Может, через десять тысяч лет встретится великий мудрец, который все растолкует, а может, эти десять тысяч лет – это лишь день и ночь, не более того.

Ты можешь быть со мной не согласен.

Пускай мы спорим с тобой. Ты меня убедил, а я не сумел. Значит ли это, что ты действительно прав, а я не прав?

А если я убедил тебя, а ты не сумел убедить, значит ли это, что я по‑настоящему прав, а ты не прав?

Возможно, следует допустить, что кто‑то из нас прав, а кто‑то не прав.

Может быть так, что мы оба правы или оба мы не правы.

Ты и я, мы не можем разобраться в этом, споря друг с другом. Да и другие не смогут разобраться, кто прав в этом споре.

Мы всегда можем позвать кого‑то, чтобы рассудил нашу правду.

Но если у нас получится найти согласного с твоей правдой, так он согласен с тобой и не сможет рассудить нас по правде.

Если найти согласного с моей правдой, так он согласен со мной и не сможет рассудить нас по правде.

Если найти не согласного ни с твоей, ни с моей правдой, так он не согласен ни с тобой, ни со мной. Разве сможет рассудить нас по правде?

Если согласен и с тобой, и со мной, значит, согласен и с моей, и с твоей правдой. Разве сможет рассудить нас правильно?

Выходит, что ни я, ни ты, ни третий не можем прийти к согласию. Будем ждать кого‑то еще?

В шуме спорящих голосов будем ждать, кто придет и рассудит. Так это то же самое, что не ждать никого.

Поладить же можно только через достижение равновесия небесных сил, в следовании естественным изменениям. Только в этом случае мы доживем до конца отпущенных лет.

Что я имею в виду, когда говорю о «равновесии небесных сил»? Объясню.

Есть правда и неправда, есть согласие и несогласие.
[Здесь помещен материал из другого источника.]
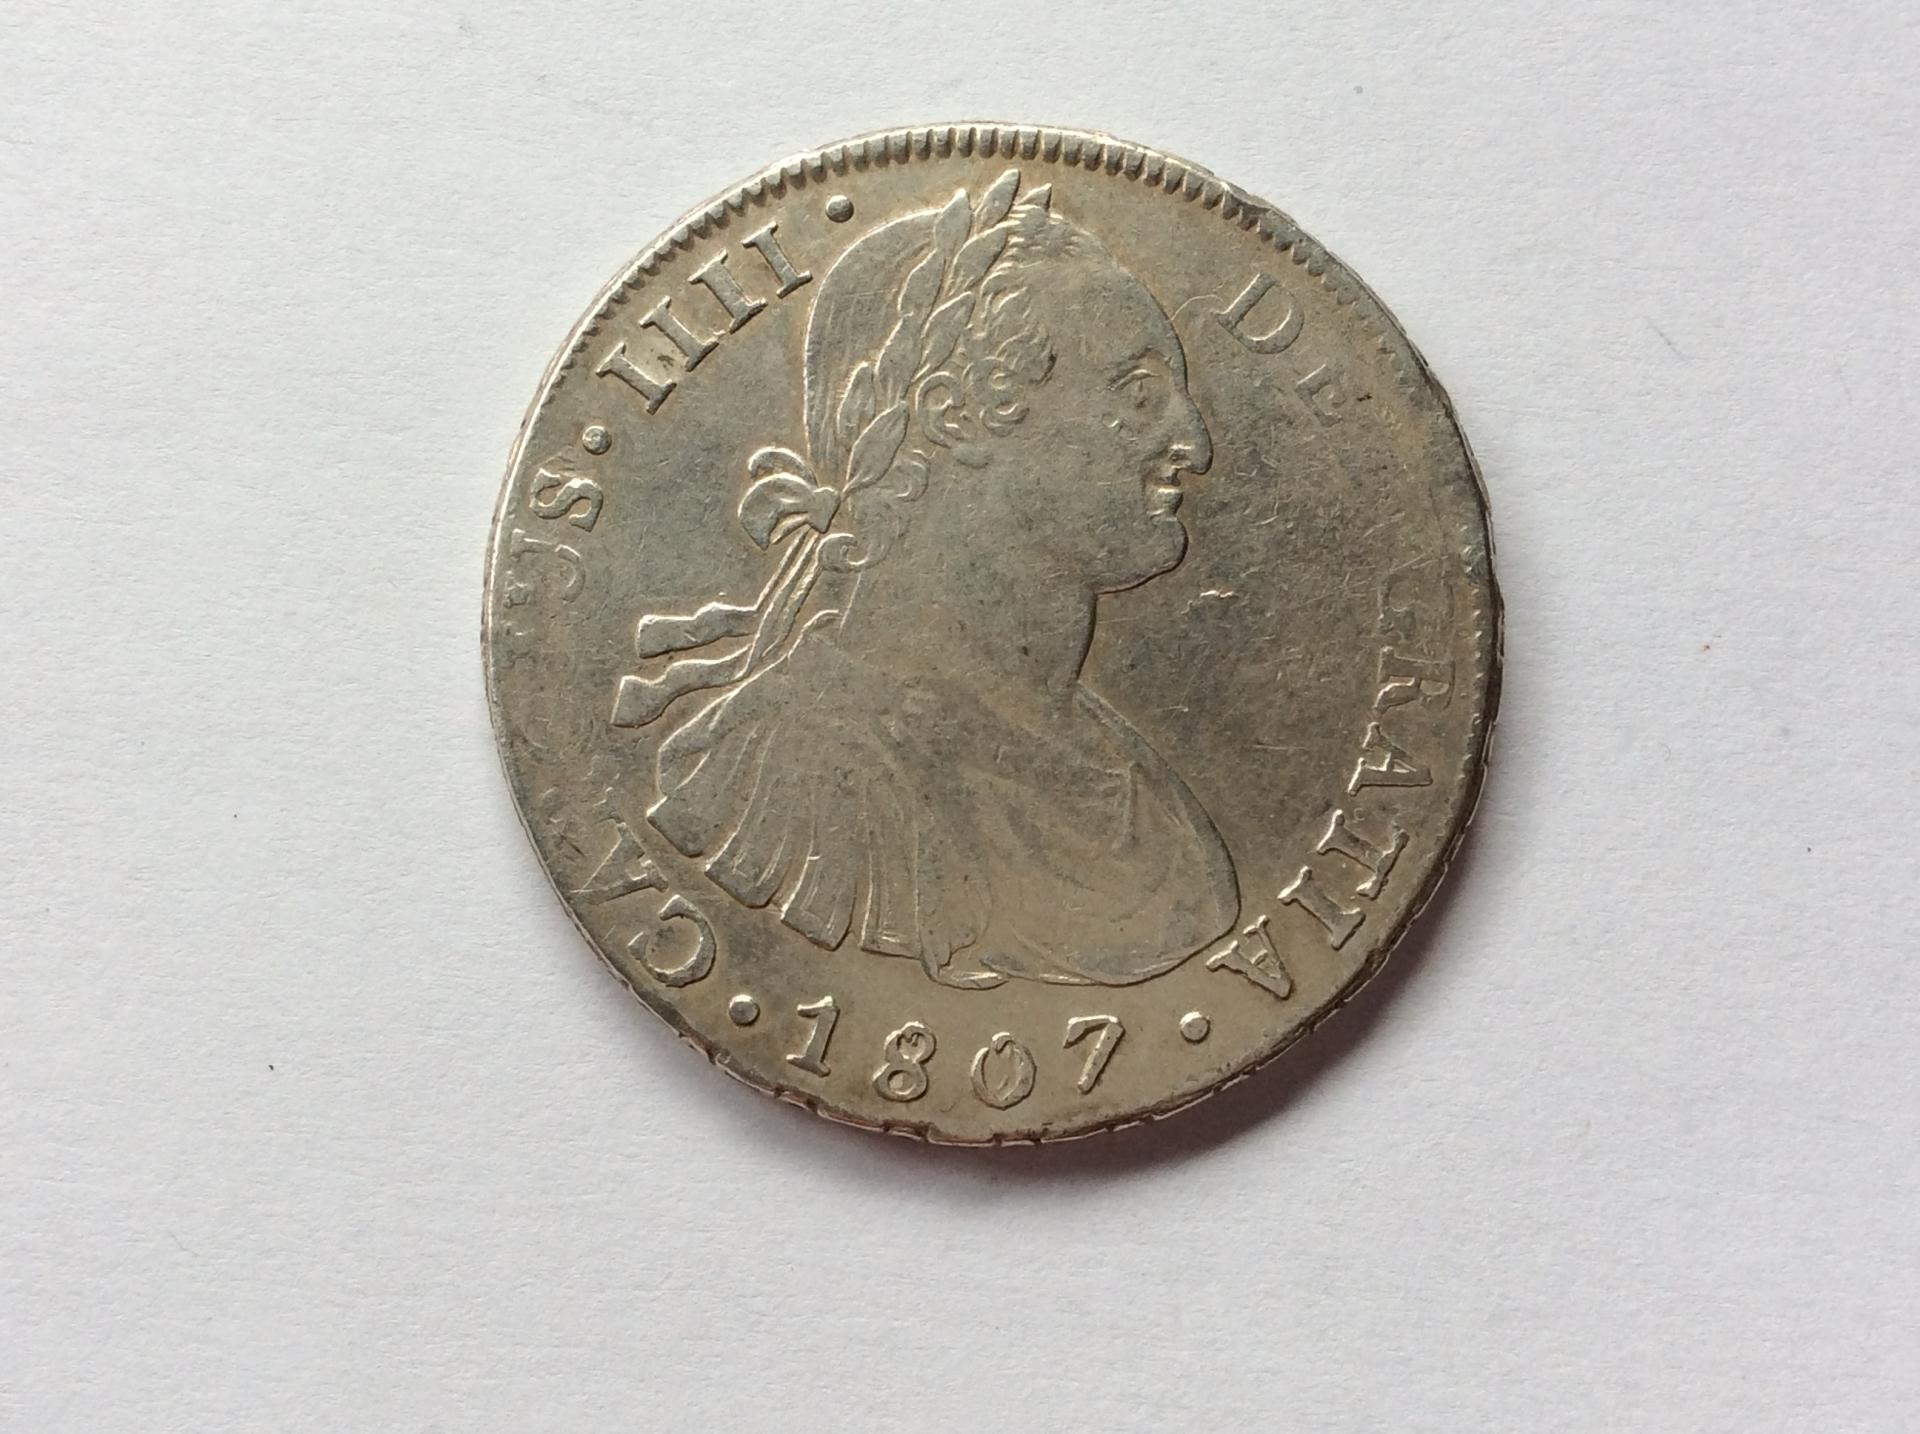 8 REALES PLATA 1807 - POTOSI - CARLOS IV

То есть всего четыре стороны рассмотрения происходящего.

Так вот, если утверждающий свою правду действительно прав, тогда правда отличается от неправды. И тогда не о чем спорить. Если согласный действительно согласен, тогда согласие отличается от несогласия, и не о чем спорить.
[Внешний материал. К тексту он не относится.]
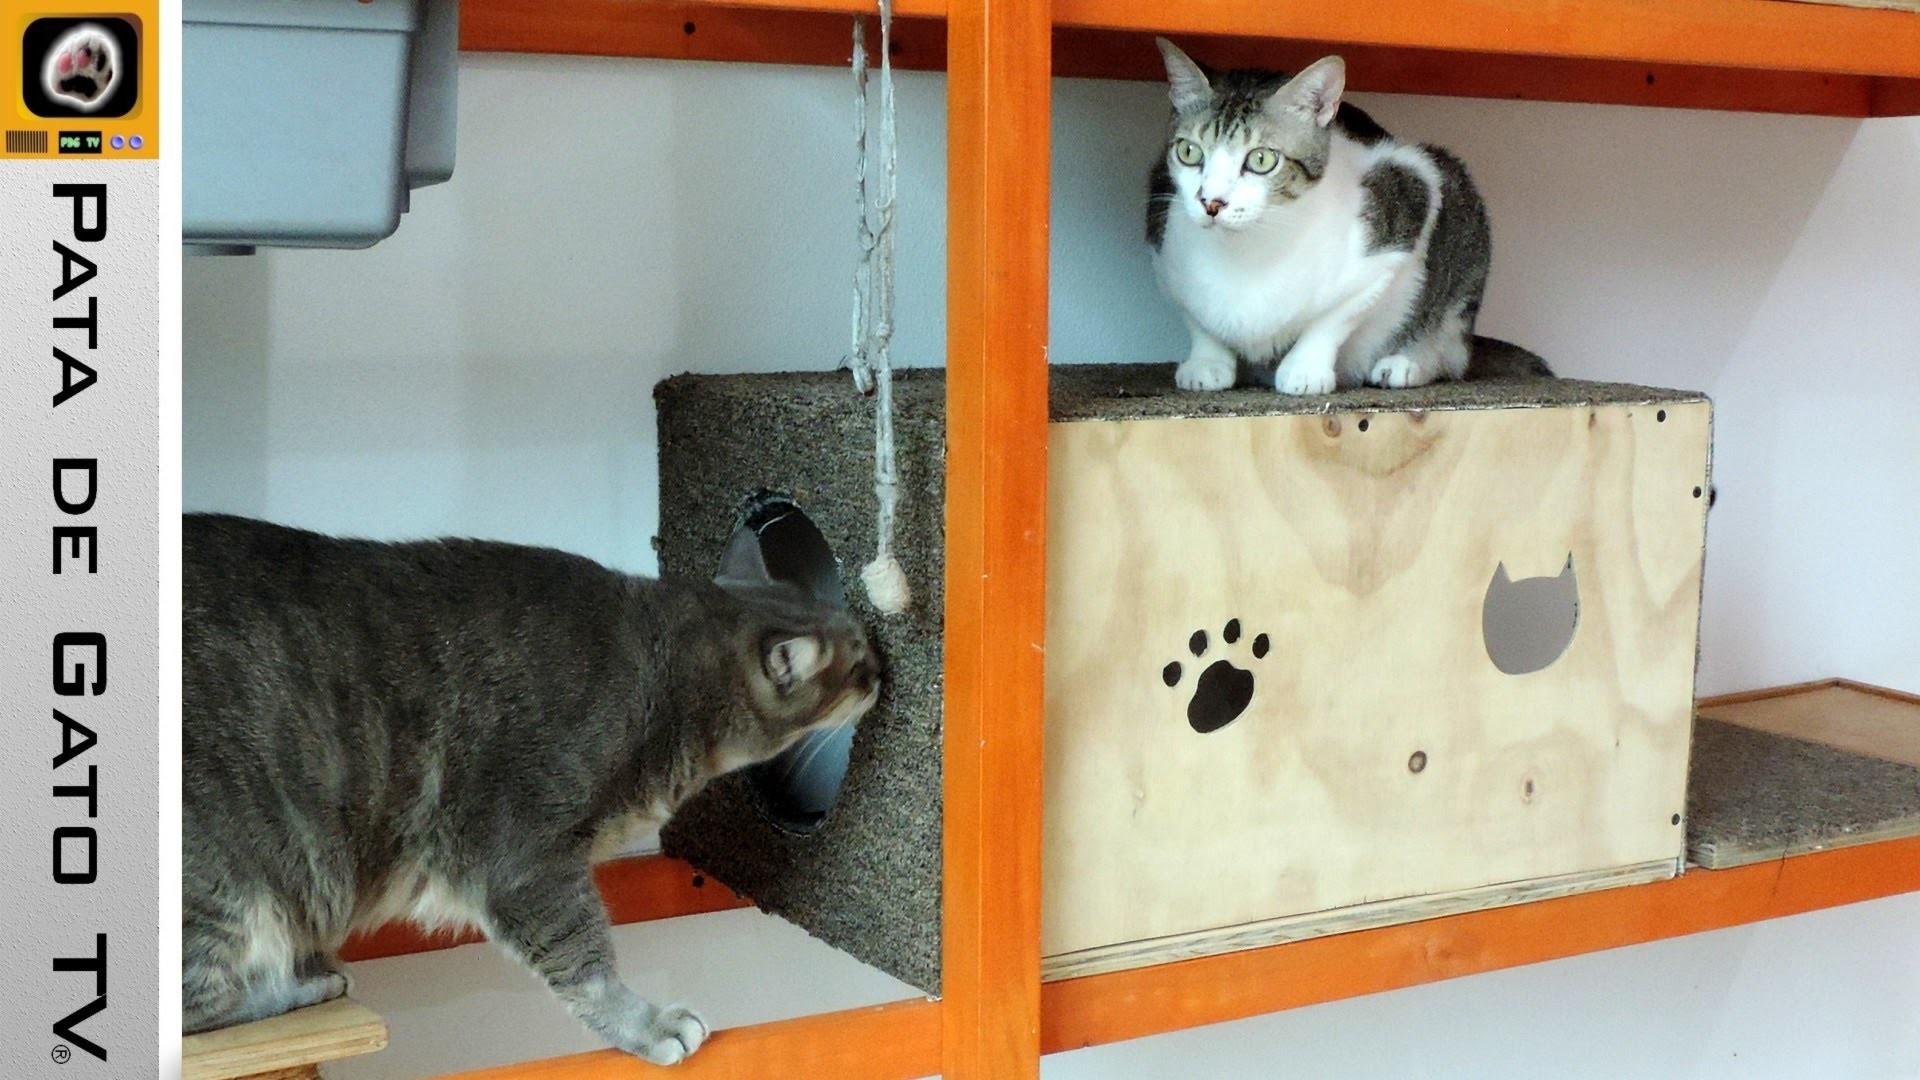 Caja de juegos para gatitos. Playground box for cats.

И когда уже не о чем спорить, мы, забыв о годах, о значениях слов, отправимся туда, где нет разделений, и будем там, где нет различий.

Отсвет спросил у Света:

– Ты раньше двигался, сейчас неподвижен, раньше сидел, а сейчас встал. Почему в твоих действиях невозможно увидеть разумный смысл и цель?

Свет ответил Отсвету:

– Я просто жду, потом, принимая, следую. То, чего я жду, тоже лишь следует тому, от кого дождется. Мое ожидание – как ожидание движения чешуйки на змеиной коже или крылышка цикады. Откуда мне знать, кто управляет движением, откуда знать, кто не управляет движением?

Когда‑то я видел сон, в котором я, Сила Круг, был мотыльком. Радостным мотыльком. Летал по своей воле, не осознавая себя Кругом. Вдруг проснулся, пришел в себя, понял, что я Круг. Не знаю, видел ли Круг сон о том, что он мотылек, или мотылек видит сон о том, что он Круг.

Круг и мотылек. Обязательно есть различие. Его я и называю превращением предметов.